The cotton market ended modestly higher Tuesday despite the price erosion occurring in the Chicago grains. Both corn and beans were sharply lower as increased rains and moderating temperatures are helping those crops, while steep rains in the Delta are punishing cotton.
Over the weekend, Tropical Storm Claudette dumped copious amounts of rain across the U.S. Delta, but Tuesday lagging feeder bands continue to heavily shower that area, as well as the Southeast.
Some Traders are gearing up for July cotton’s delivery on Thursday. All participants must exit the spot market by Wednesday’s close or become entangled with the delivery process. At the start of Tuesday’s trading, spot July’s open interest roughly stood at 6900 contracts. July futures will expire on July 8.
Also, on Thursday, USDA will issue its weekly export sales report. Currently, old-crop sales are running 108% of the government revised target.

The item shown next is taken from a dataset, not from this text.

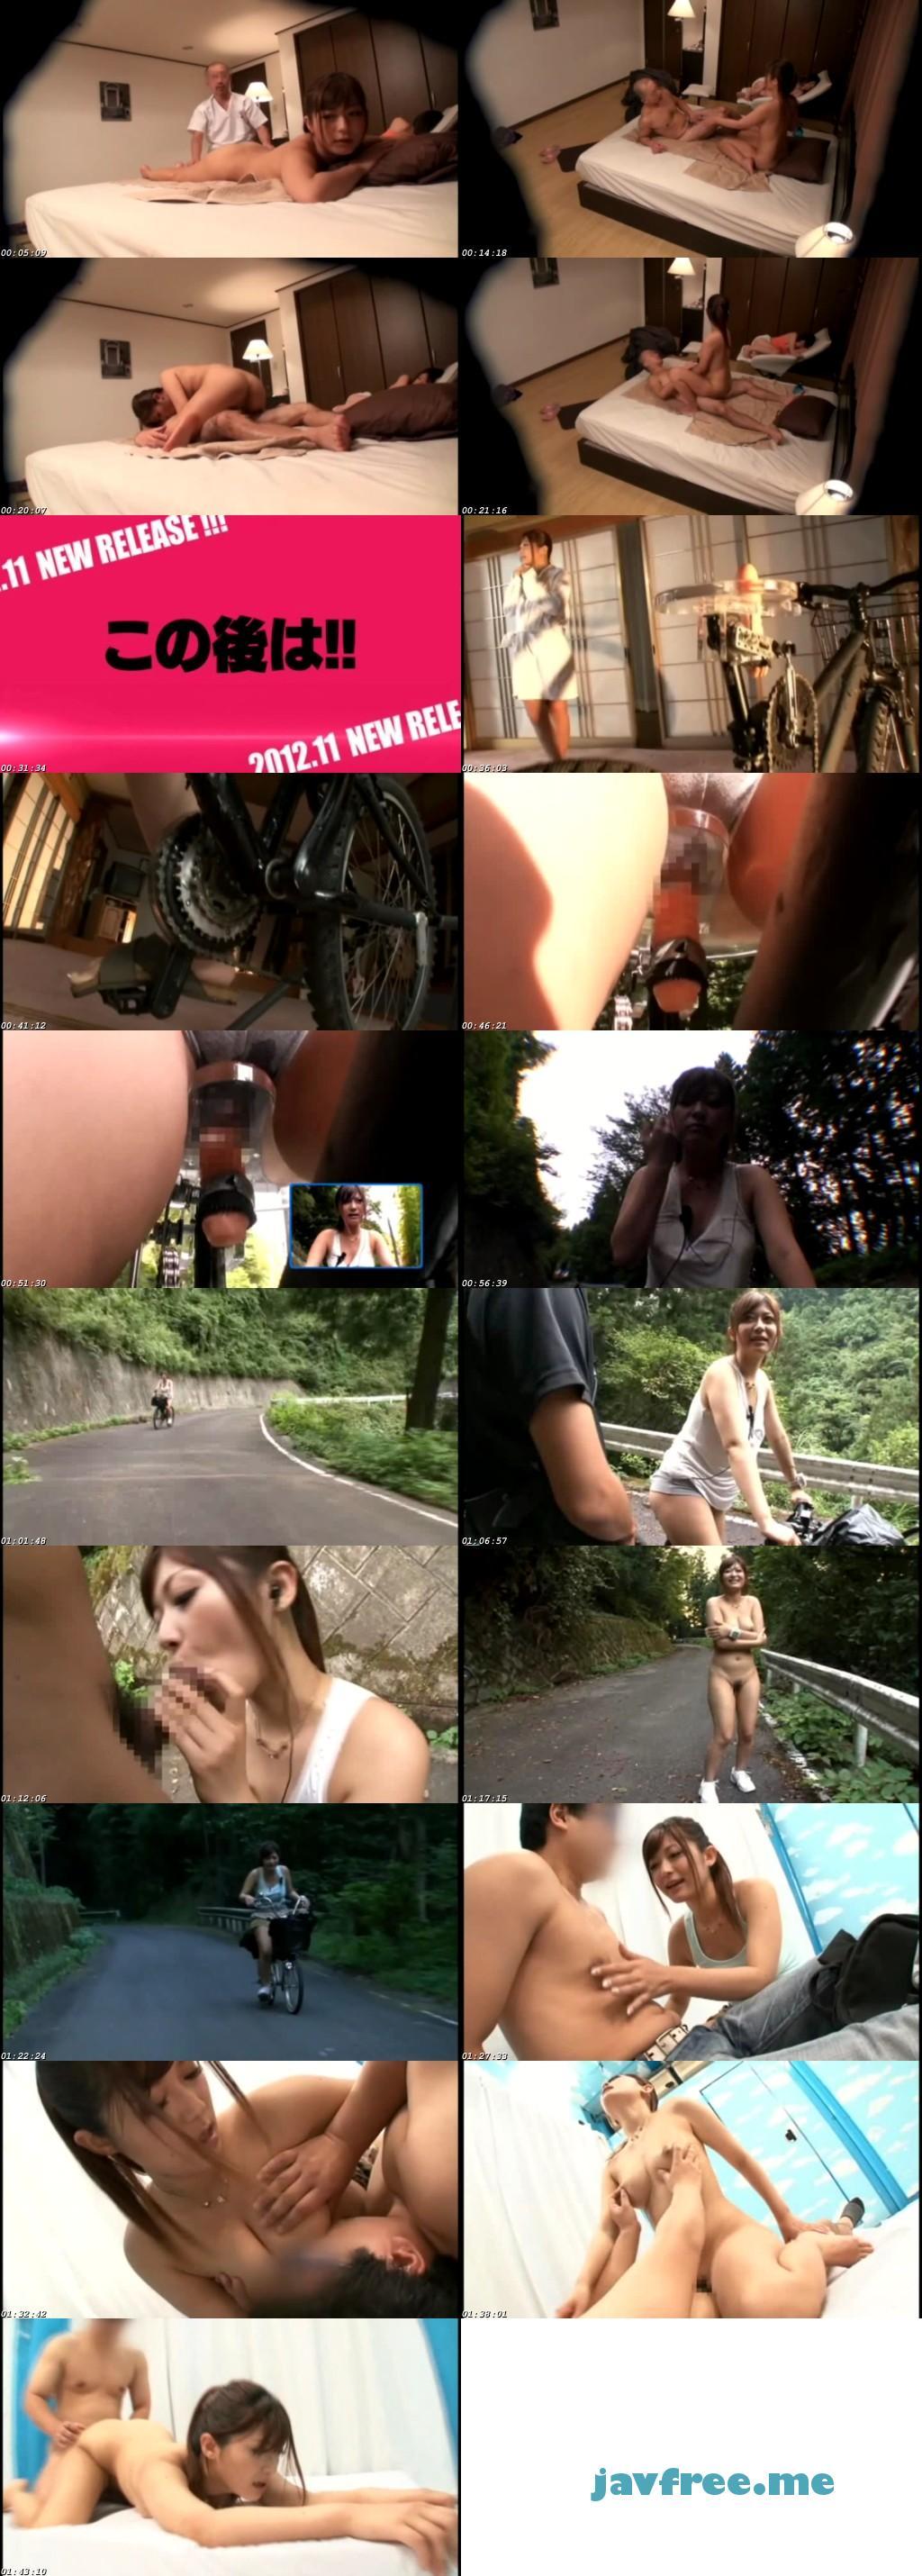 [SDMT 734] さとう遥希 15セックス×8時間 完全撮りおろし「アクメ自転車がイクッ!!無敵の潮吹き20リットル大観測&田舎町で逆ナンパしてMM号SEX」映像入り さとう遥希 SDMT

Thus far for the 2020-21 season, Pakistan, the world’s number four producer, has been the biggest buyer.
The U.S. dollar was lower Tuesday as Fed Chairman Powell’s comments to certain congressional committees continues to echo the sentiments of transitory inflation.
For Tuesday, July closed at 84.22 cents, up 0.13 cent, December settled 85.64 cents, up 0.45 cent and March 2022 ended at 85.45 cents, 0.37 cent higher; estimated volume was 20,020 contracts.